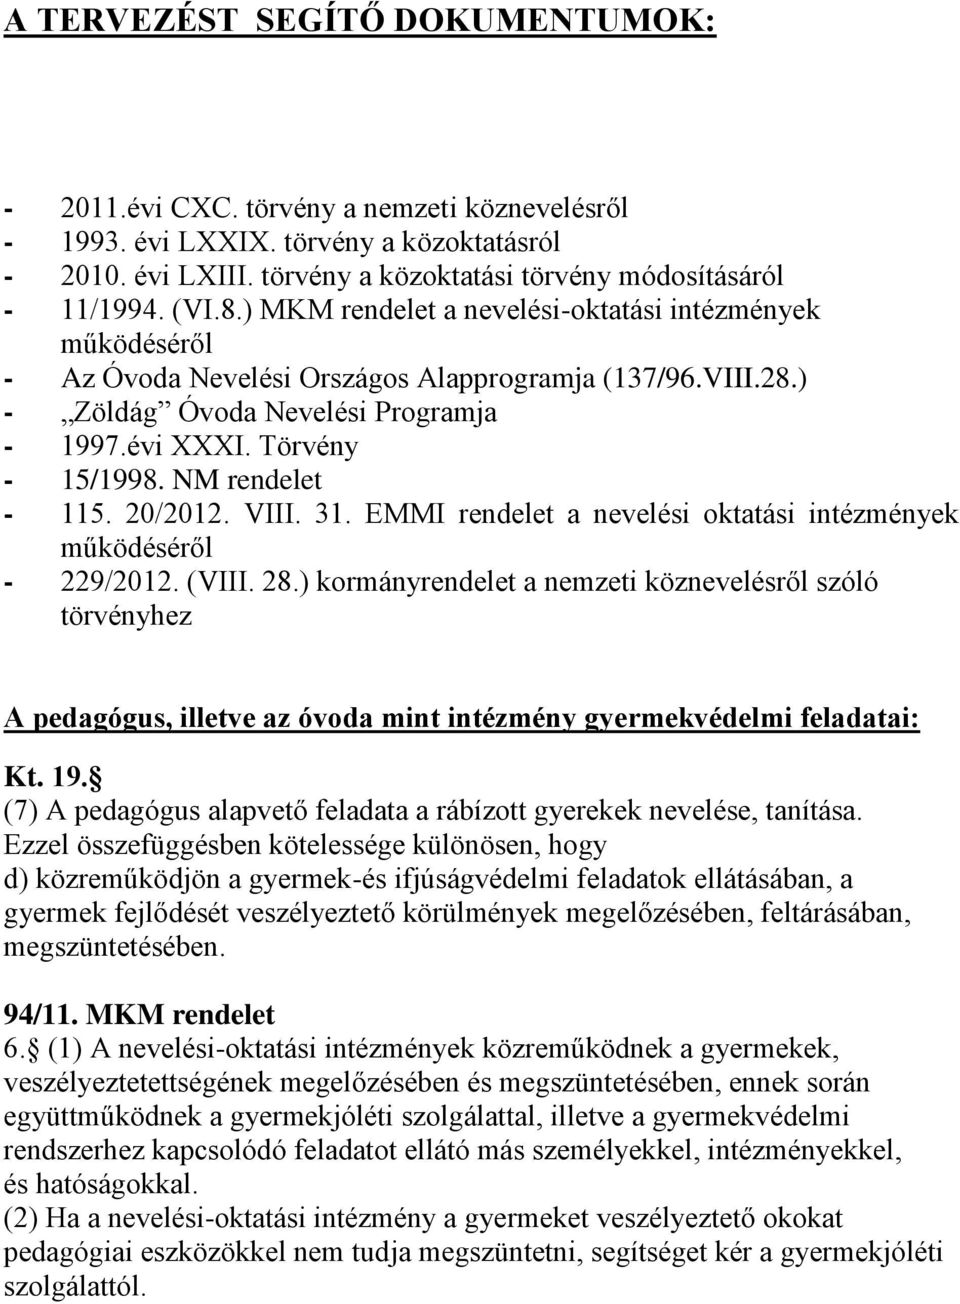 NM rendelet - 115. 20/2012. VIII. 31. EMMI rendelet a nevelési oktatási intézmények működéséről - 229/2012. (VIII. 28.
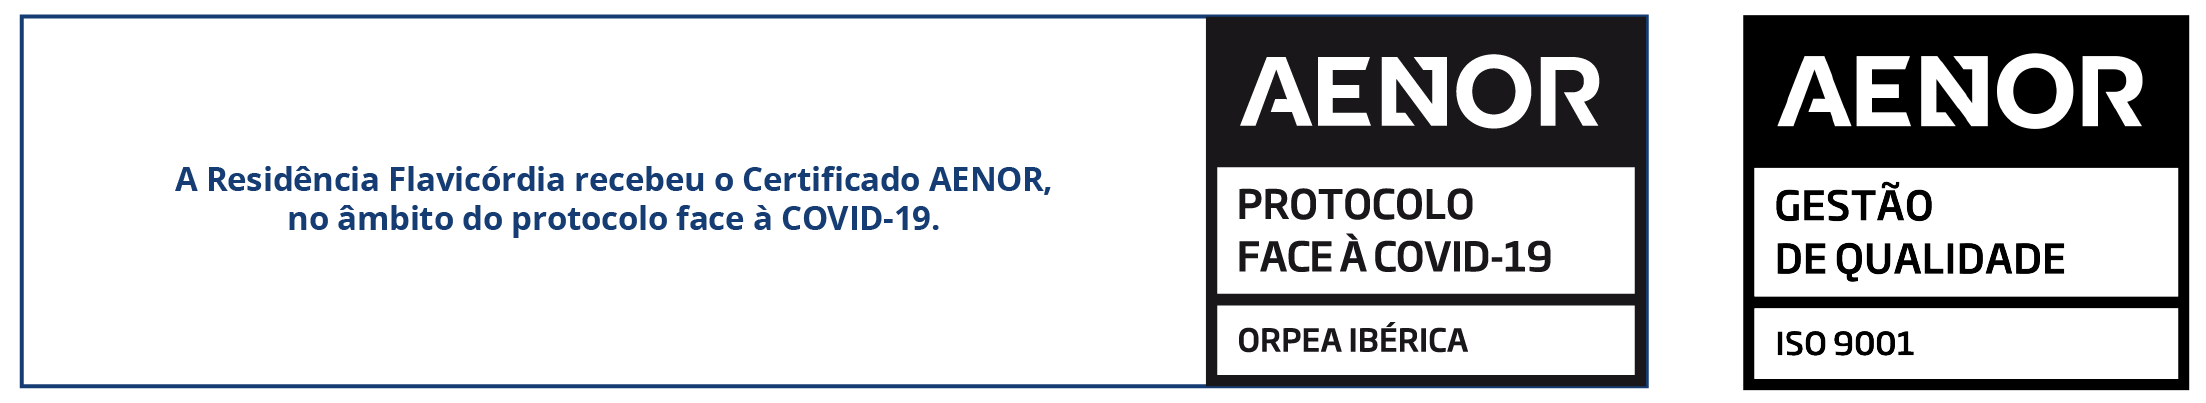 Protocolos AENOR
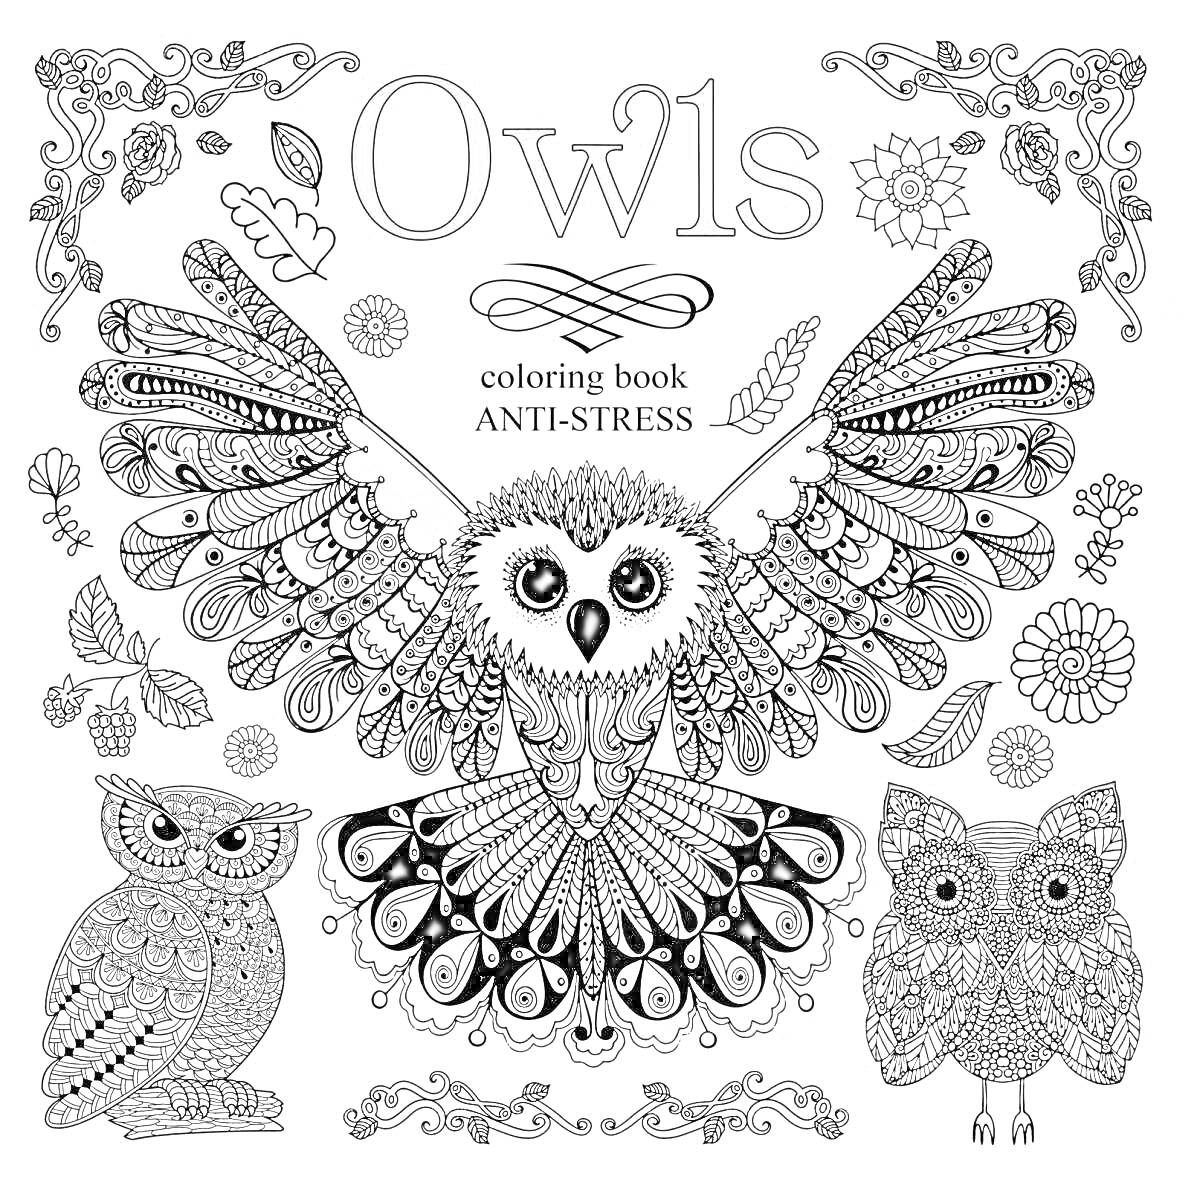 Раскраска Owls coloring book ANTI-STRESS - совы с распахнутыми крыльями, две сидящие совы, цветы, листья, узоры, декоративные элементы
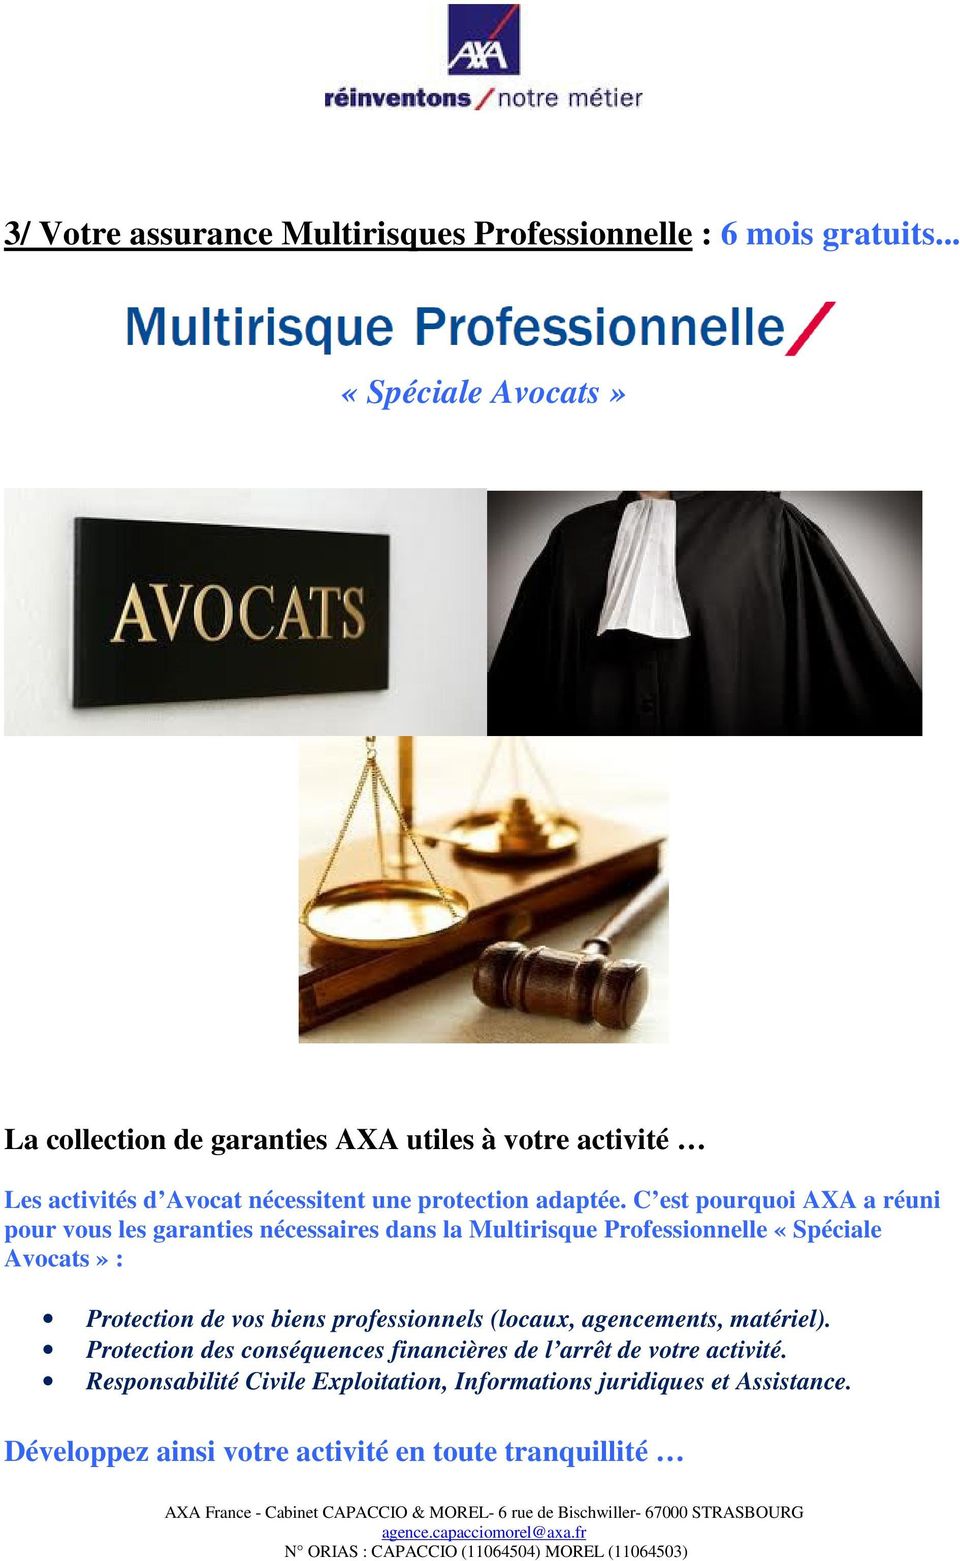 C est pourquoi AXA a réuni pour vous les garanties nécessaires dans la Multirisque Professionnelle «Spéciale Avocats» : Protection de vos biens
* * * * * * *
- [Exercise requirements]
Write out, please, the lines of the listing above from the one with "Раскраска Owls coloring" through the very last, exactly as given and with no pictures.

- [Answer box]
 Раскраска Owls coloring book ANTI-STRESS - совы с распахнутыми крыльями, две сидящие совы, цветы, листья, узоры, декоративные элементы
 C est pourquoi AXA a réuni pour vous les garanties nécessaires dans la Multirisque Professionnelle «Spéciale Avocats» : Protection de vos biens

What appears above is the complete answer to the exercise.